Читаем Алексей Гаврилович Венецианов полностью

Еще один блестящий мастер XVIII столетия, Д. Г. Левицкий, незадолго до рождения Венецианова, в 1767 году побывал в Москве: по заказу императорского двора он доставил из Петербурга созданные им семьдесят три образа для церкви Екатерины Великомученицы на Большой Ордынке и Кира и Иоанна на Солянке. Мог Венецианов видеть и одну из светских его работ — большой портрет П. Демидова висел в парадной зале Воспитательного дома вплоть до 1800 года, когда это благотворительное учреждение было переведено в Петербург. Встреча с самим маститым художником ждет Венецианова впереди. Но уже и сейчас можно сказать, что мировосприятие Левицкого останется для молодого художника чуждым. Не затронет его своим воздействием и блистательная, эффектная манера письма, хотя мало кто из тогдашних художников мог, не впадая в мертвенную иллюзорность воспеть чувственную красоту предметного мира — переливы ломких холодных шелков, теплую, ласковую мягкость бархата, текстуры разных древесных пород. Венецианову лишь к старости эти задачи покажутся увлекательными.

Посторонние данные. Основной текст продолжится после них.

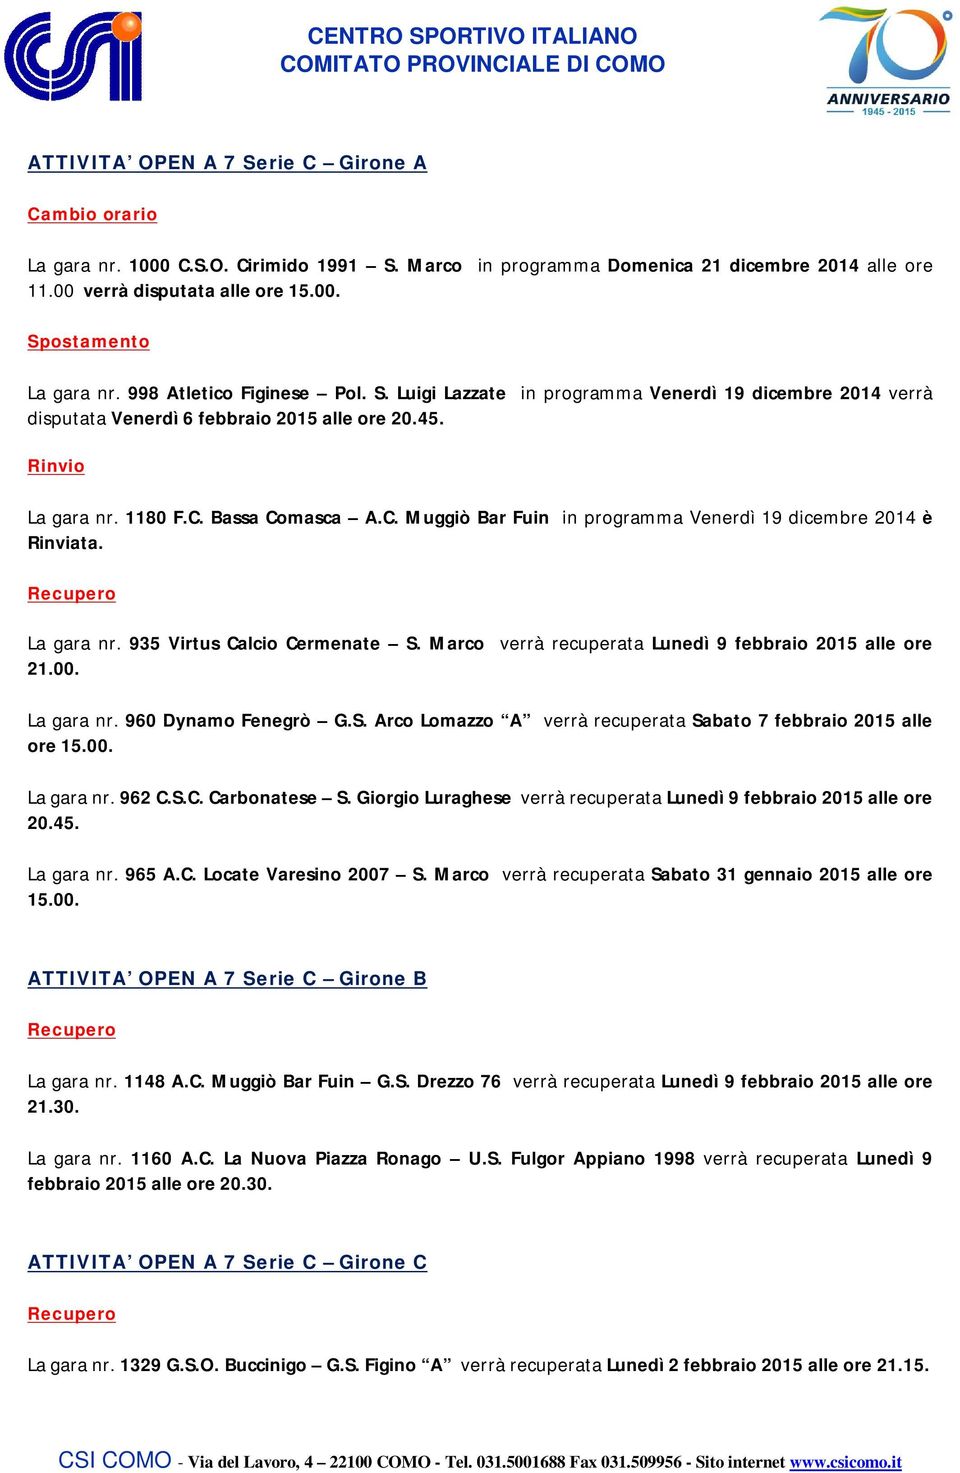 Bassa Comasca A.C. Muggiò Bar Fuin in programma Venerdì 19 dicembre 2014 è Rinviata. La gara nr. 935 Virtus Calcio Cermenate S. Marco verrà recuperata Lunedì 9 febbraio 2015 alle ore 21.00.

Во второй половине XVIII столетия, в годы становления Венецианова, в пору его первого прикосновения к искусству именно портрет был той областью изобразительного искусства, в которой русская живопись достигла высоких вершин. Один из самых блестящих портретистов той поры и, по сути, единственный, кто покинул суетный Петербург и переселился на жительство в Москву, — Ф. Рокотов.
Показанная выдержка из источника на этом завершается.